Secretary of State Warren Christopher states, The policy of isolating Castro and Cuba is 30 years old. Yet Fidel Castro still survives. From Castros earliest days (actually more than thirty years ago), nothing new has been tried in our relationship with Havana and the time-honored policy continues to fail. Castro still survives.
Castro is a lousy economist and a terrible central planner, but hes a skillful maneuverer and a clever propagandist. Most of all, hes a classic survivor. After taking a stab at electoral politics (the elections were canceled by the dictator, Fulgencio Batisto), Castro switched to revolution.
On July 26, 1953, (a date that he later made a national holiday) Castro led a strikingly unsuccessful attack on a military barracks in Santiago. Most of the 160 revolutionaries in his group were killed, but he and his brother Raul survived. They were convicted, sentenced, later paroled and ended up in Mexico.
In December 1956, Castro returned to Cuba, landing with an armed expedition of 81 men on the southwestern coast of the island. All but 12 of his followers were killed, but Castro survived. From an isolated base, Castro, aided by other young revolutionaries around the island, was able to engage in both a guerrilla war and a propaganda campaign that successfully played on the growing unpopularity of the Batista regime.

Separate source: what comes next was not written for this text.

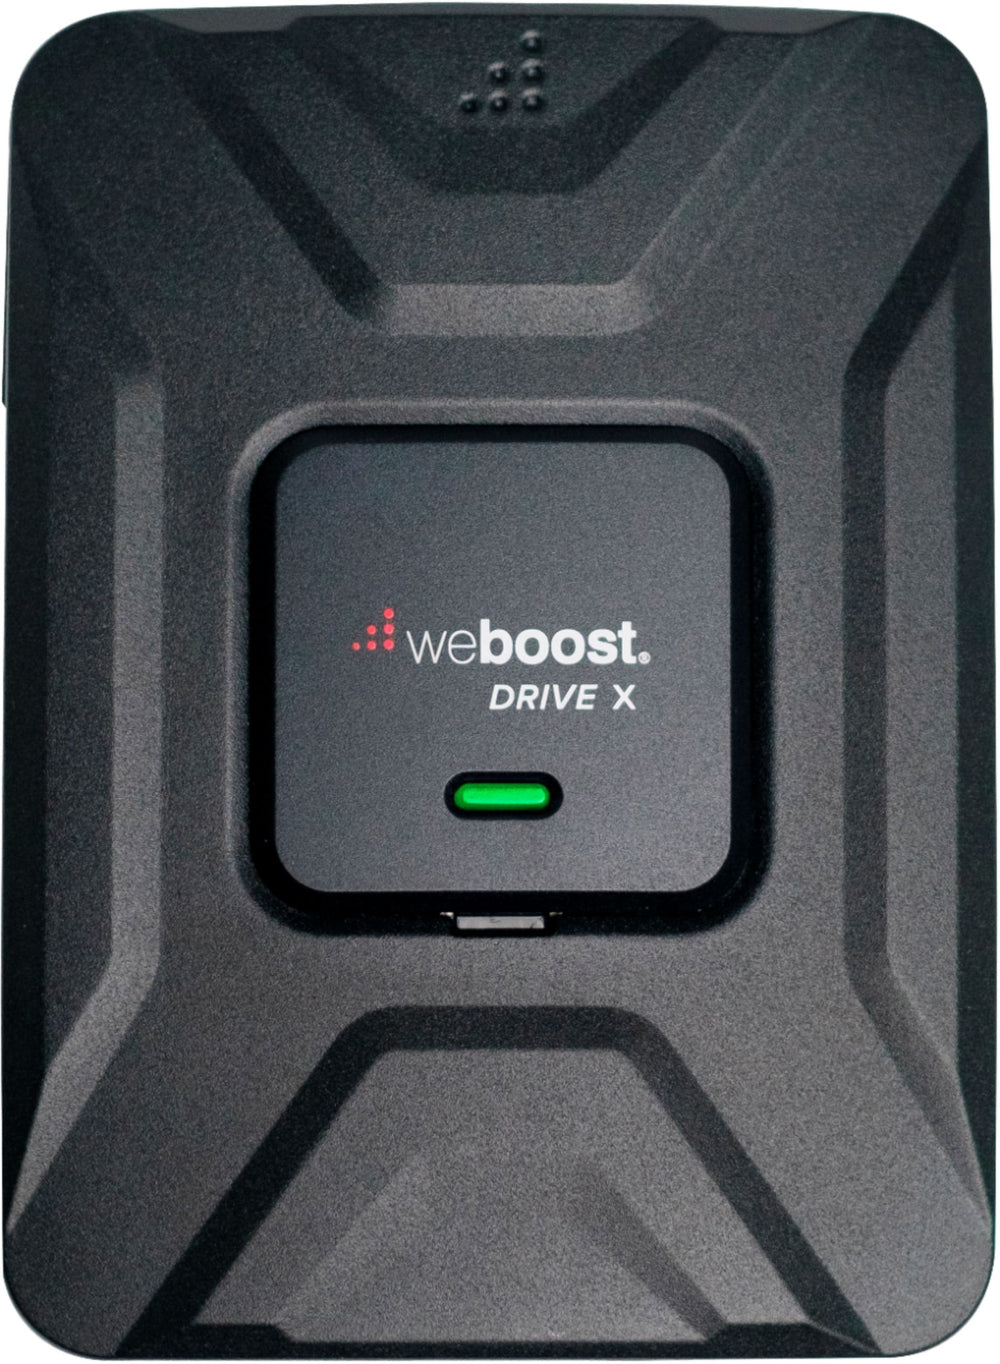 weBoost - Drive X Vehicle Cell Phone Signal Booster for Car, Truck, Van, or SUV, Boosts 5G & 4G LTE for All U.S. Carriers_1

Batista fled the country on New Years Eve 1958. Although the dictators ouster was supported by a multitude of Cubans of varying political persuasions, Castro was recognized as the successful commander of the Cuban armed forces and hence was the person to reckon with in the new Cuba. He more than survived.
Castro seized more and more property owned by American enterprises. While the Soviet Union was his protector and financier, he could thumb his nose at American presidents.
Dwight Eisenhower found Castro increasingly despicable. Ike grumbled about doing something to get rid of the loud-mouthed radical just a few miles from our shores and begins the trade embargo against Cuba in 1960.
In the early years of John Kennedy came the ill-fated Bay of Pigs landing (planning for which began under Eisenhower) in 1961 and the Cuban missile crisis of 1962. Castro survived. The CIA had formulated and organized various plots for Castros extermination. Castro survived. As part of the missile settlement, the United States promised that it would neither invade Cuba nor otherwise seek the overthrow of the Castro government.
Ostensibly to protect against aggression by the United States, Castro used Soviet money and arms to go on a series of military escapades in Africa. He believed that his people were more united if he could focus their attention on clearly defined enemies, close or far away.
The American presidents after Kennedy all had to cope in one way or another with Castro. The word is cope, not deal. It continued to be an article of rigid faith that America could never negotiate with Castro.
American diplomacy often becomes immobilized by the chains of dogmatic absolutes. Secretary of State John Foster Dulles said we must never deal with the Peoples Republic of China. Until recent months, the United States was never to deal with North Korea. Because Israel had sworn never to talk with the PLO, the United States had to swear to the same total abstinence. Now, decades later, these absolutes have melted away but not the absolute of pretending that Castro doesnt even exist.
Every president since Kennedy has realized that you had to talk with Havana. All of these presidents have had issues especially immigration that they wanted to talk about in Americas own interest as well as Cubas. Pandering to the zealotry of the Cuban-American community in Miami, a succession of presidents have put themselves into a diplomatic state of self-inflicted paralysis.
For decades, Castro has wanted the embargo lifted. Cuba is so destitute that it doesnt really have the wherewithal to buy much of anything. The embargo arguably meant something years back, but now it could be traded away for political reforms and more openness in Cuban life.
Castro has survived his running of his countrys economy into the ground. He has survived economic isolation for more than thirty years. Richard Nixon, shortly before he died, wrote we should build pressure from within by actively stimulating Cubas contacts with the free world. The lessons of Eastern Europe and the Soviet Union teach us that its the winds of change that the great survivor cant survive.
Tom Eagleton is a former U.S. senator from Missouri and a columnist for the Pulitzer Publishing Co.